Single by Dej Loaf featuring Big Sean

from the album ...And See That's the Thing
- Released: July 15, 2015
- Recorded: 2015
- Genre: Hip hop
- Length: 4:01
- Label: Columbia
- Songwriter(s): Deja Trimble; Kyle Adams; Sean Anderson; Clenton Gosberry;
- Producer(s): iRocksays

Dej Loaf singles chronology
| "Tied Up" (2015) | "Back Up" (2015) | "My Beyoncé" (2015) |

Big Sean singles chronology
| "One Man Can Change the World" (2015) | "Back Up" (2015) | "Play No Games" (2015) |

= Back Up (Dej Loaf song) =

"Back Up" is a song recorded by American rapper Dej Loaf, featuring American rapper Big Sean. It was released by Columbia Records on July 15, 2015, as the first single from Loaf's debut EP ...And See That's the Thing (2015). The song was written by Dej Loaf, Big Sean, Clenton Gosberry and Kyle Adams; the latter also produced the song under the pseudonym iRocksays. "Back Up" contains a sample from the song "Back Up Off Me" by DJ Clent.

==Music video==
A music video, directed by Alex Nazari, was filmed at Detroit's Royal Skate Land.
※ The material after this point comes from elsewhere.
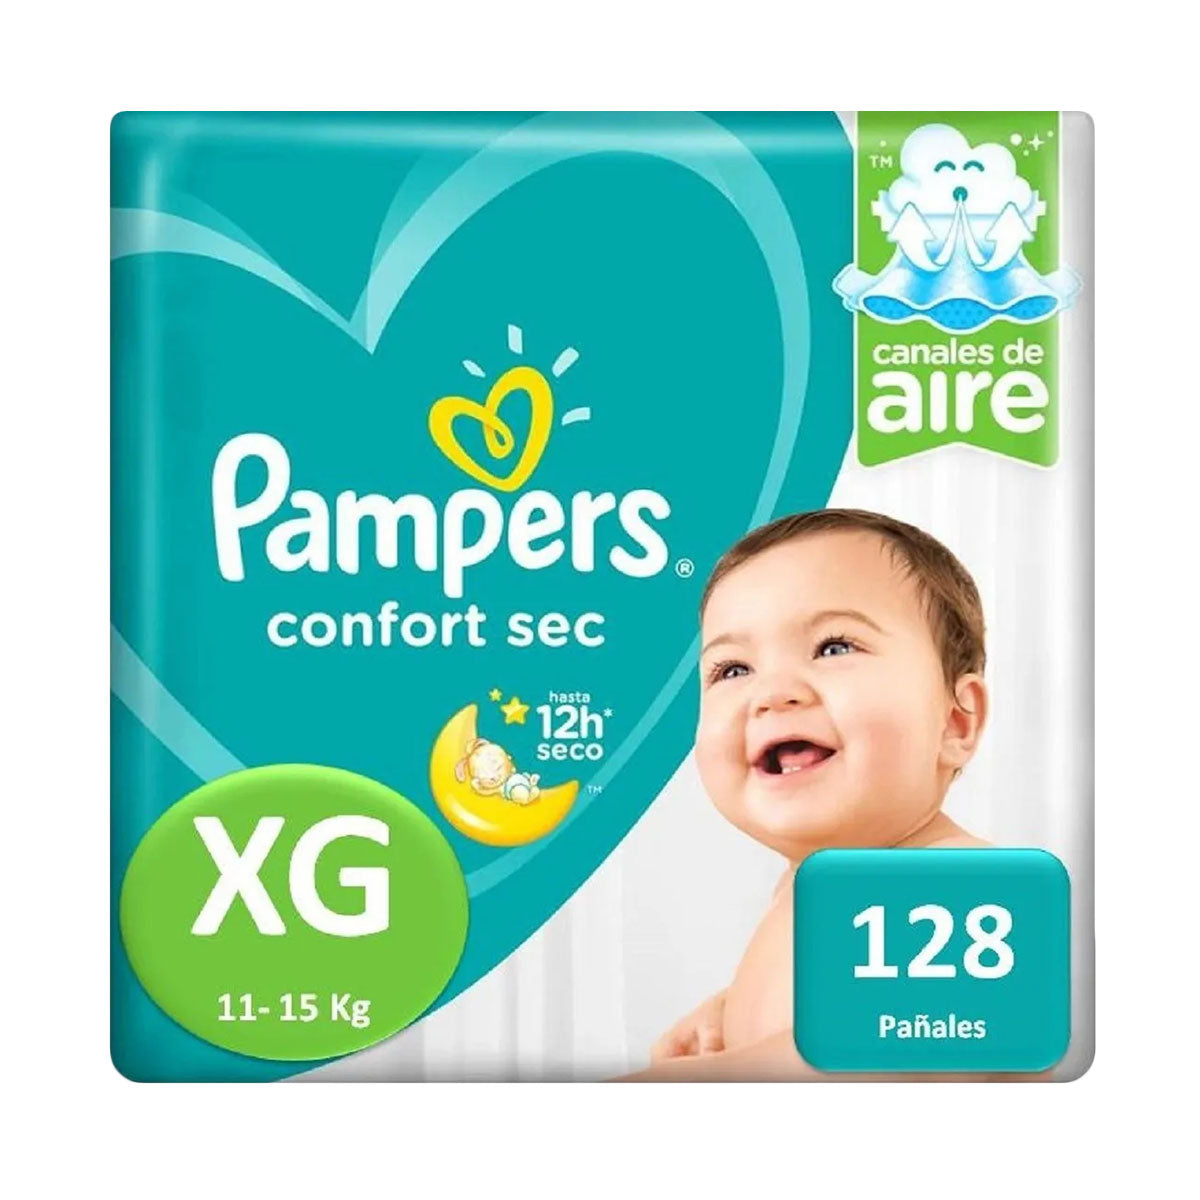 Pañales Pampers Confort Sec XG (128 unidades)
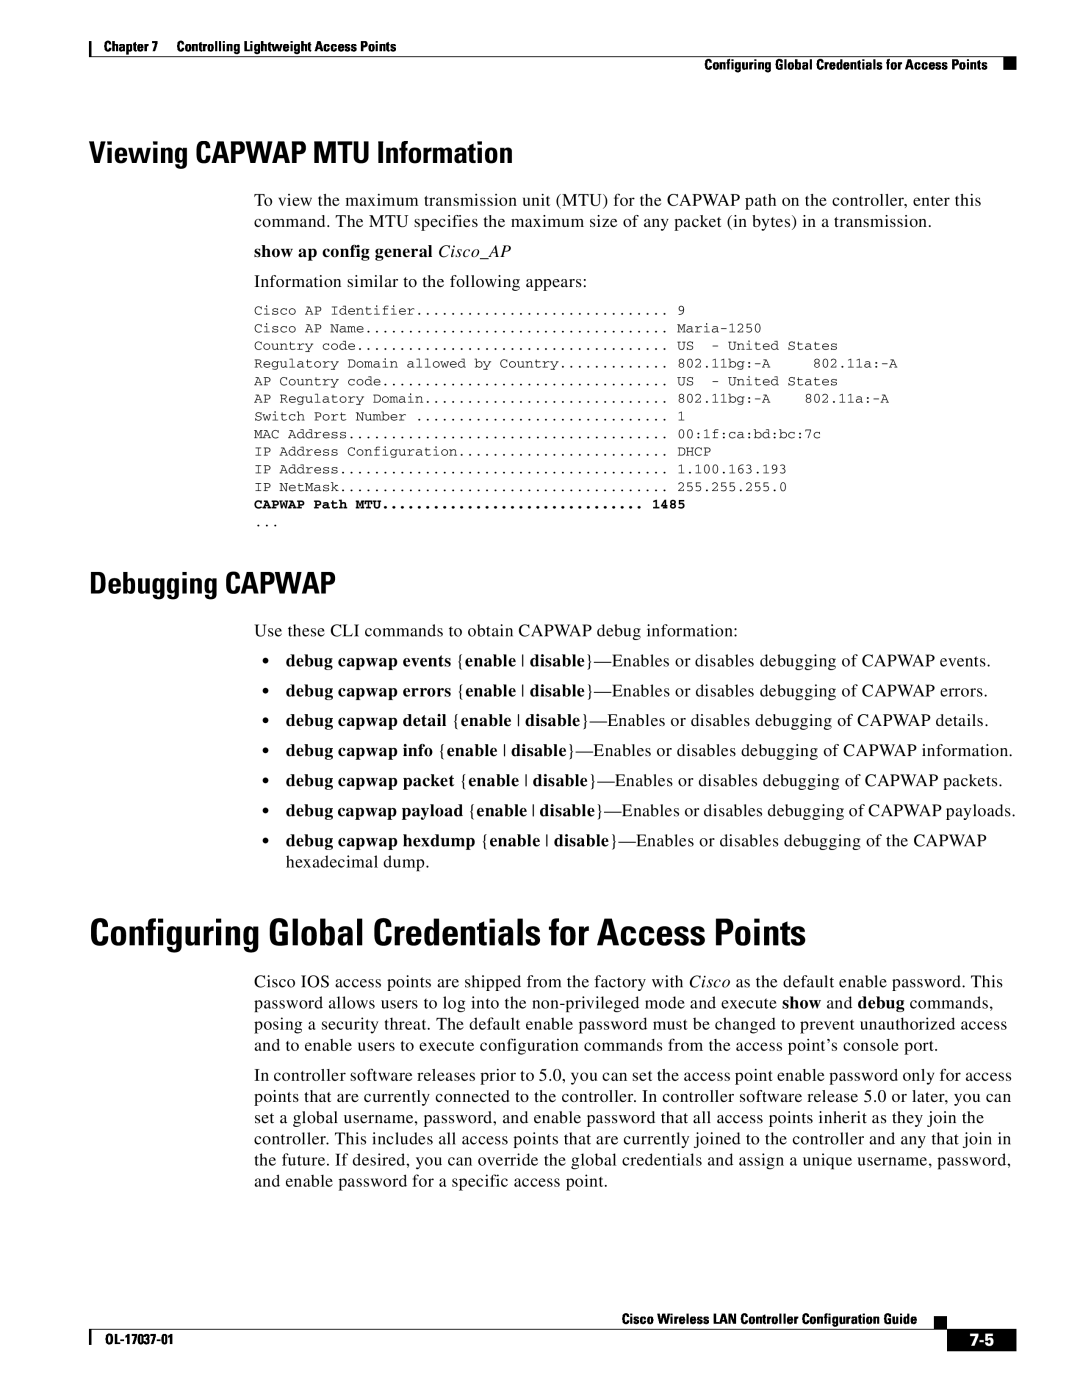 Cisco Systems OL-17037-01 manual Configuring Global Credentials for Access Points, Viewing CAPWAP MTU Information

It premiered via Loaf's VEVO channel on October 5, 2015.

==Commercial performance==
"Back Up" debuted at number 83 on the US Billboard Hot 100 for the chart dated October 24, 2015. The song was certified Platinum by the RIAA on October 19, 2016.

==Charts==
===Weekly charts===

| Chart (2015) | Peak position |
|---|---|
| US Billboard Hot 100 | 47 |
| US Hot R&B/Hip-Hop Songs (Billboard) | 16 |

===Year-end charts===

| Chart (2016) | Position |
|---|---|
| US Hot Rap Songs (Billboard) | 50 |
| US Hot R&B/Hip-Hop Songs (Billboard) | 87 |

==Certifications==

| Region | Certification | Certified units/sales |
| United States (RIAA) | Platinum | 1,000,000^{‡} |
^{‡} Sales+streaming figures based on certification alone.